Tracing Earth's O-2 evolution using Zn/Fe ratios in marine carbonates

Through Earth history, atmospheric oxygen has increased from initial values near zero to its present day level of about 21 % by volume; concomitantly, changes in ocean redox conditions have fundamentally altered global biogeochemical cycles. While there is a reasonable understanding of where oxygen history begins and ends, the quantitative timetable of oxygenation that links the endpoints has proven contentious. Equilibrium between marine surface environments and the overlying atmosphere suggests that carbonate-based redox proxies could refine palaeoredox records in time and space. Here we explore the use of Zn/Fe ratios to infer the evolution of atmospheric O-2 through time, based on marine carbonate rocks that are well characterised in terms of depositional age, environmental setting, and diagenetic history. While Fe and Zn in the shallow ocean are mainly sourced from hydrothermal inputs, their redox sensitivities differ significantly, so that geological intervals with higher O-2 would be characterised by stepped increases in Zn/Fe as preserved in shallow marine carbonates.

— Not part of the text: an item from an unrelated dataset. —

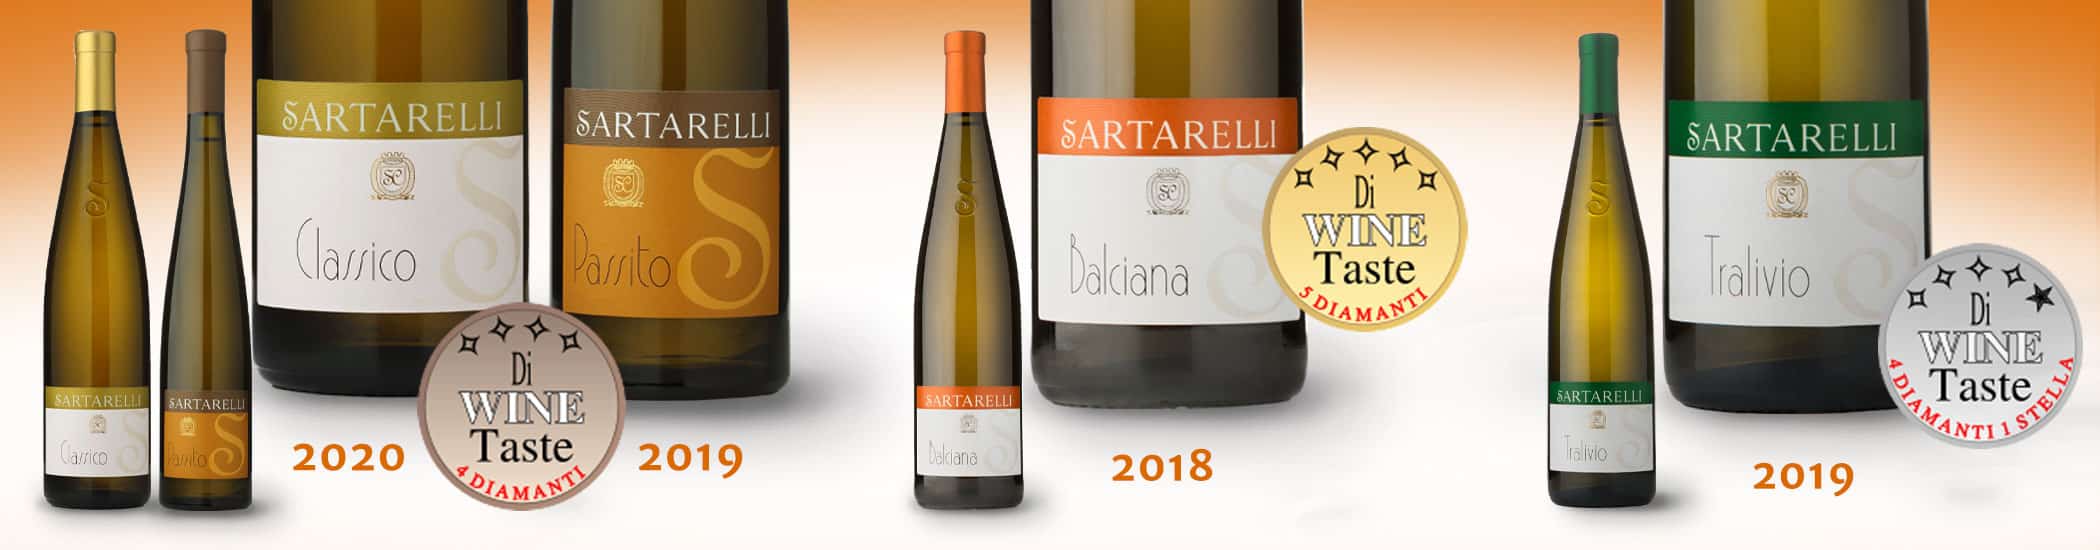 Sartarelli-DiWineTaste 2021 (News)

Therefore, Zn/Fe analyses of ancient carbonates allow us to constrain past atmospheric pO(2) levels, providing a secular record of atmospheric O-2 over the past 3.5 billion years. In particular, we corroborate an earlier proposal that for much of the Proterozoic Eon, O-2 levels were as low as 0.1-1 % of present atmospheric level. We conclude that Zn/Fe in shallow marine carbonate rocks has potential to provide a quantitative tracer for the longterm redox evolution of the oceans and the rise of atmospheric O-2.